Going out of Destin. Leaving from Hurlburt Fld around 7. I can get you on base with valid ID. Jiggin for AJ's and then we will see what happens. Split gas.


----------



## Terry Fay Hartman (Oct 9, 2011)

*Southern Sleds*

Hey Ron, I am not well versed on how to use this site. I am not even sure the msg " I need one by Sat Dec 17th" was to me regarding a SouthernSled. If so I appoligize for not repling. I think using me straight email address would get to me easier. 
Well here it is the 16th and I just saw this.

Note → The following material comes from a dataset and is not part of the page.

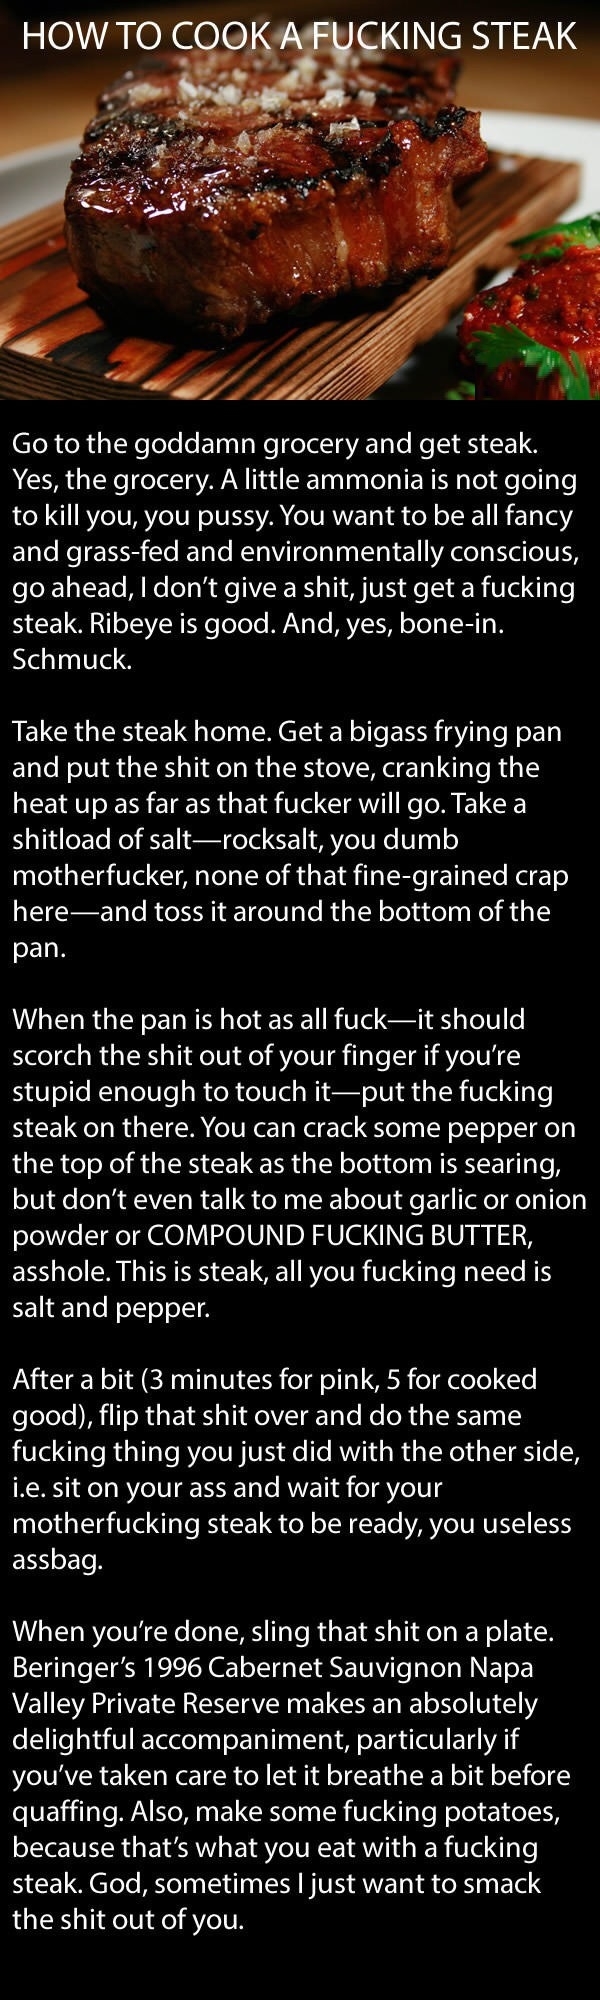 How to cook a f**king steak

If you still want one I could overnight it, the cost is 20.00 per sled, plus the postage. 

[email protected]
text or call to 904-629-4389

thank you, Terry


----------



## Ron19 (Jan 8, 2009)

I am looking to fill a spot on the boat for a fishing trip tomorrow.....


----------



## wackydaddy (Jul 24, 2009)

Ron19 said:


> I am looking to fill a spot on the boat for a fishing trip tomorrow.....


Seas expected to be 3-4 tomorrow and 1-2 Sunday, headed out very far?


----------



## Ron19 (Jan 8, 2009)

Spot filled.


----------



## Ron19 (Jan 8, 2009)

wackydaddy said:


> Seas expected to be 3-4 tomorrow and 1-2 Sunday, headed out very far?



Check your pm's.


----------